Naming a value's type isn't guessing. It's two questions, asked in order, and they never fail you.

The Two Questions

Question one — is it a label, or a number? If it sorts things into named groups (red/blue, yes/no, Year 7/Year 8), it's categorical and you're done. If it's a genuine number you'd count or measure, it's numerical — go to question two.
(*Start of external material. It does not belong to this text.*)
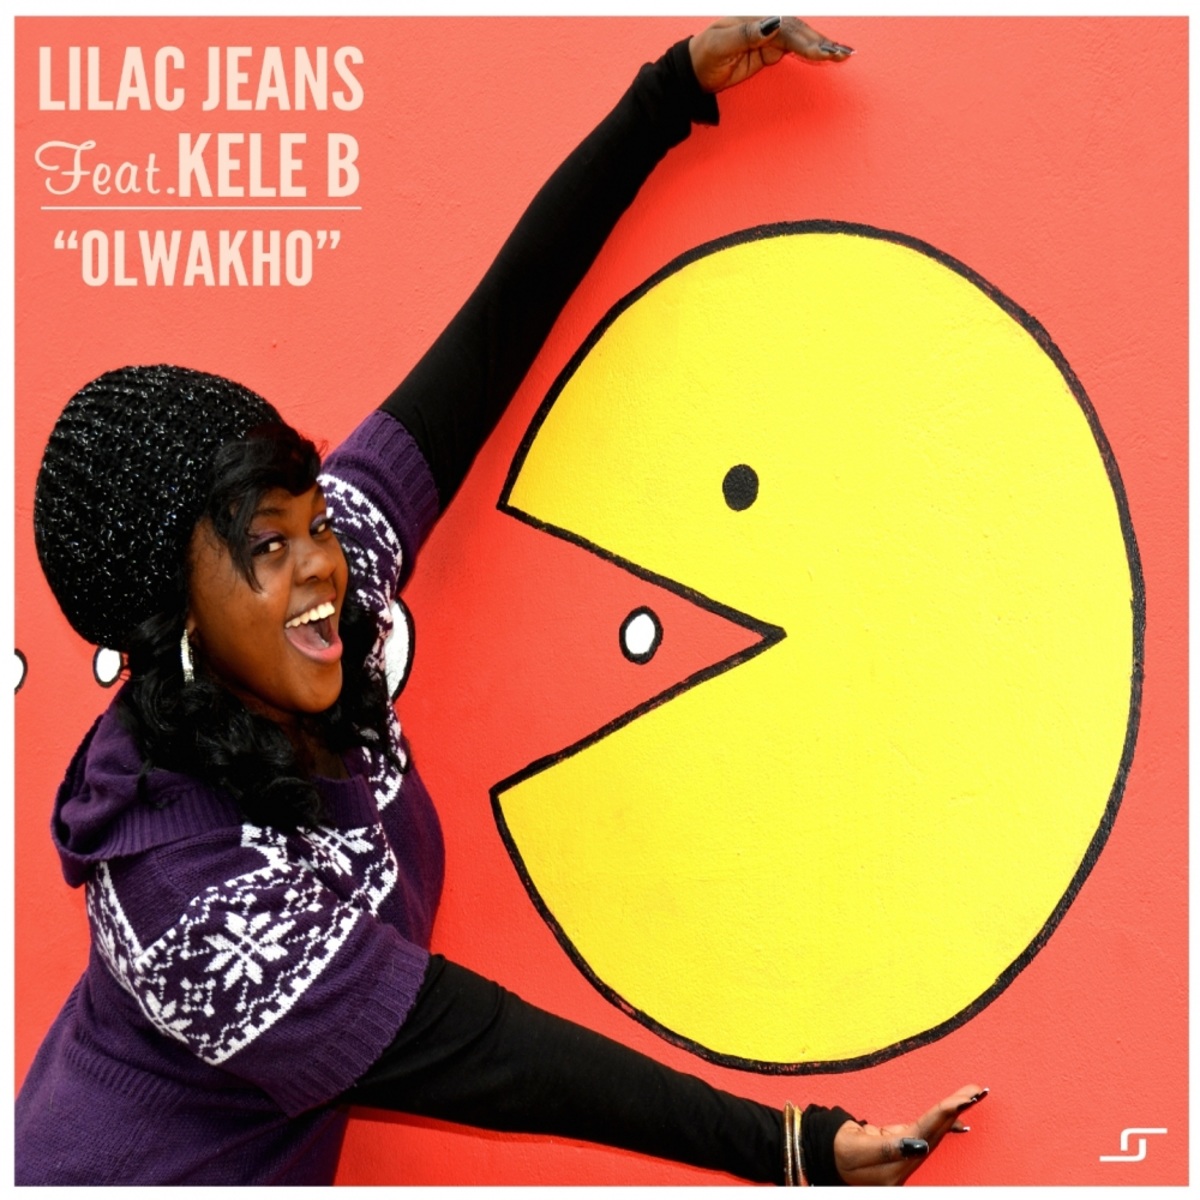 Lilac Jeans ft Kele B - Olwakho / Lilac Jeans Records
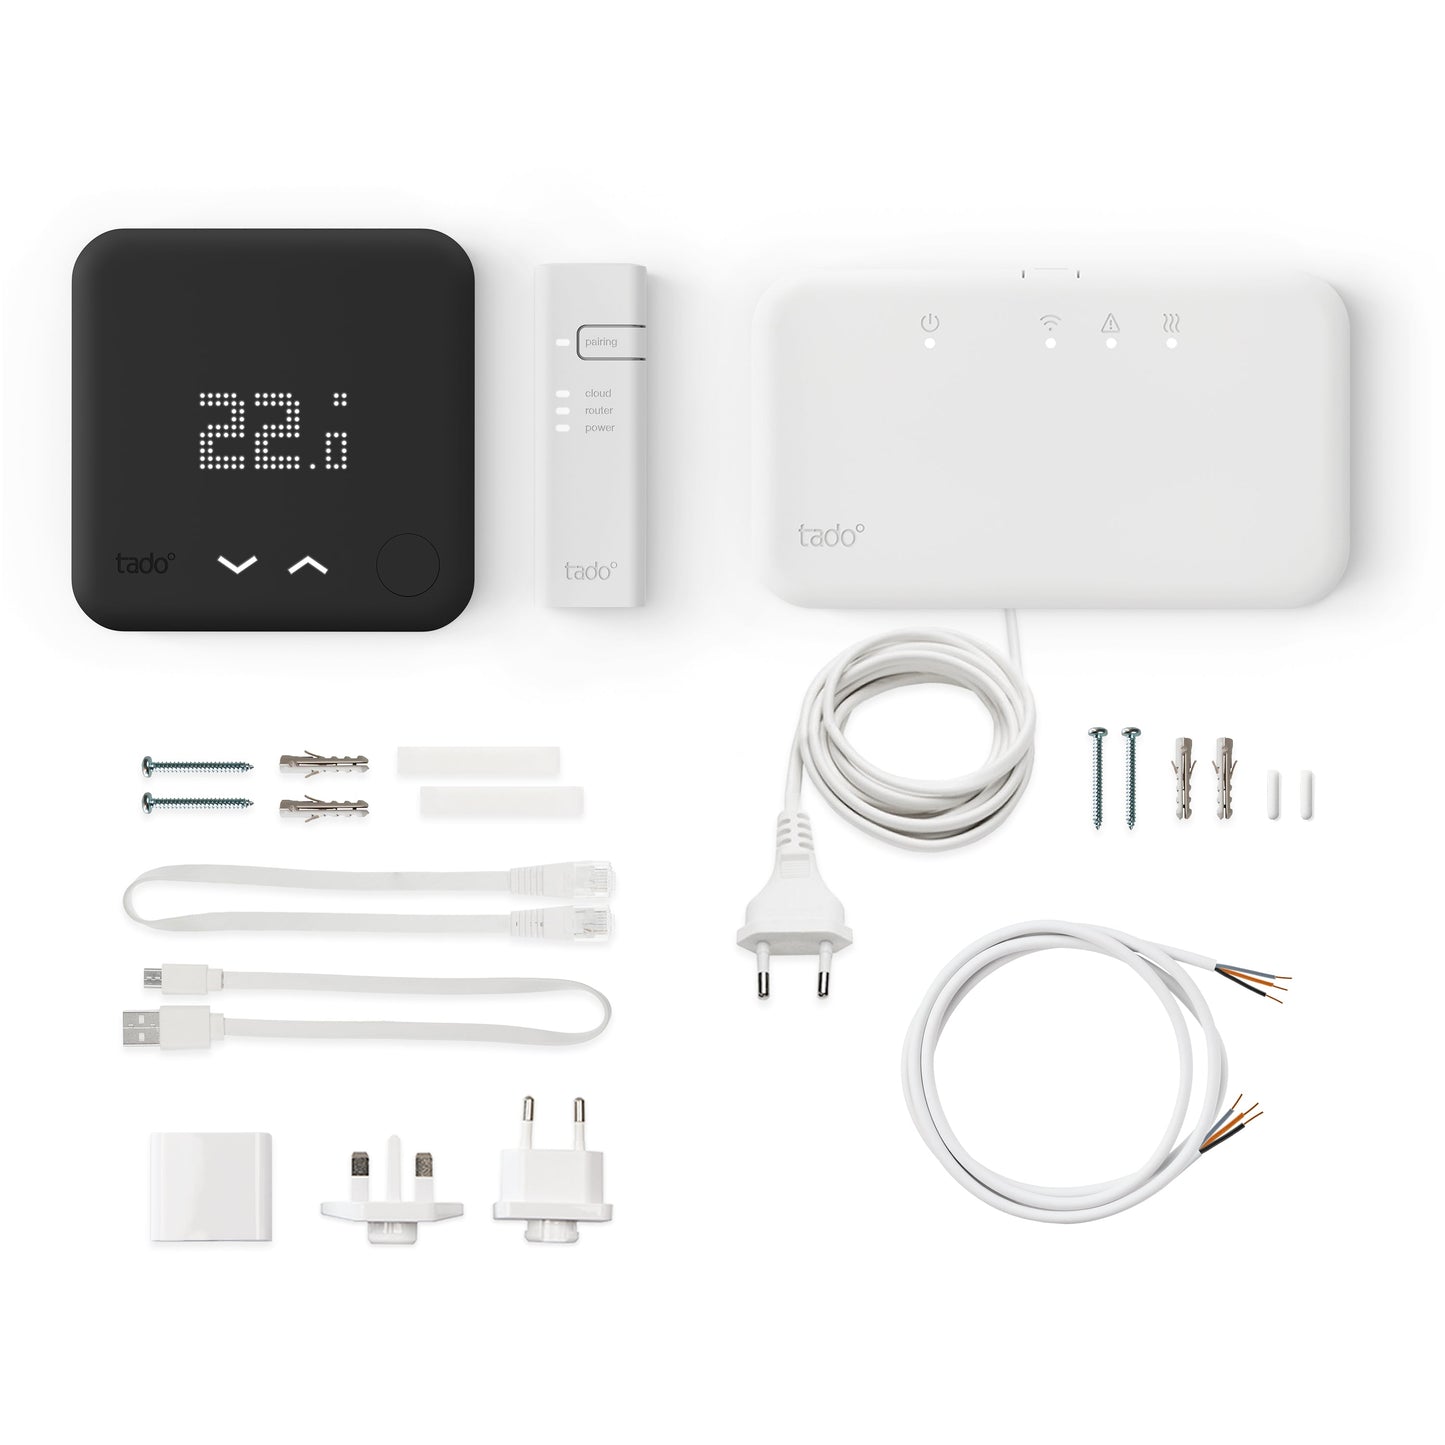 Termostato Intelligente wireless - Kit di Base V3+ Black Edition

Question two — can it only take whole steps, or any value on a scale? If it jumps in whole counts (3 goals, 2 pets), it's discrete. If it flows smoothly so there's always a value between any two (1.7 m, 22.4 °C), it's continuous.

That's the entire decision: label or number; if number, jumps or flows. Run those two questions and every value lands in exactly one box.

Say it plainly: ask “label or number?” first. If it's a number, ask “jumps or flows?” Two questions, one answer, no exceptions.

A Dataset Is a Table

Out in the wild you don't get one value, you get a dataset — and a dataset is just a table. Each row is one thing you observed (one student, one day, one frog). Each column is a variable — one feature you recorded about every thing (their height, their favourite sport, the temperature that day). And here's the rule that makes the whole topic tidy: every column has one data type. The “height” column is all continuous numbers; the “eye colour” column is all categorical labels. You don't type single values in real life — you type whole columns.

A Worked One, Slowly

A class survey has these columns: Name, Favourite sport, Number of siblings, Height (cm), Travels by bus? (Y/N). Take them one at a time with the two questions. Name — a label, so categorical. Favourite sport — a label, categorical. Number of siblings — a number, and it jumps in whole counts, so numerical → discrete. Height — a number that flows smoothly, so numerical → continuous. Travels by bus? — yes or no is a label, categorical. Five columns, five clean answers, and now you know exactly what each one will let you do later. Naming the column first is the move that earns marks every time.

Us, Thinking Out Loud

Could you run the two questions back to me on “shoe size” without peeking?

In our class-survey table, which column would change type if we recorded “siblings” as “none / a few / lots” instead of a number?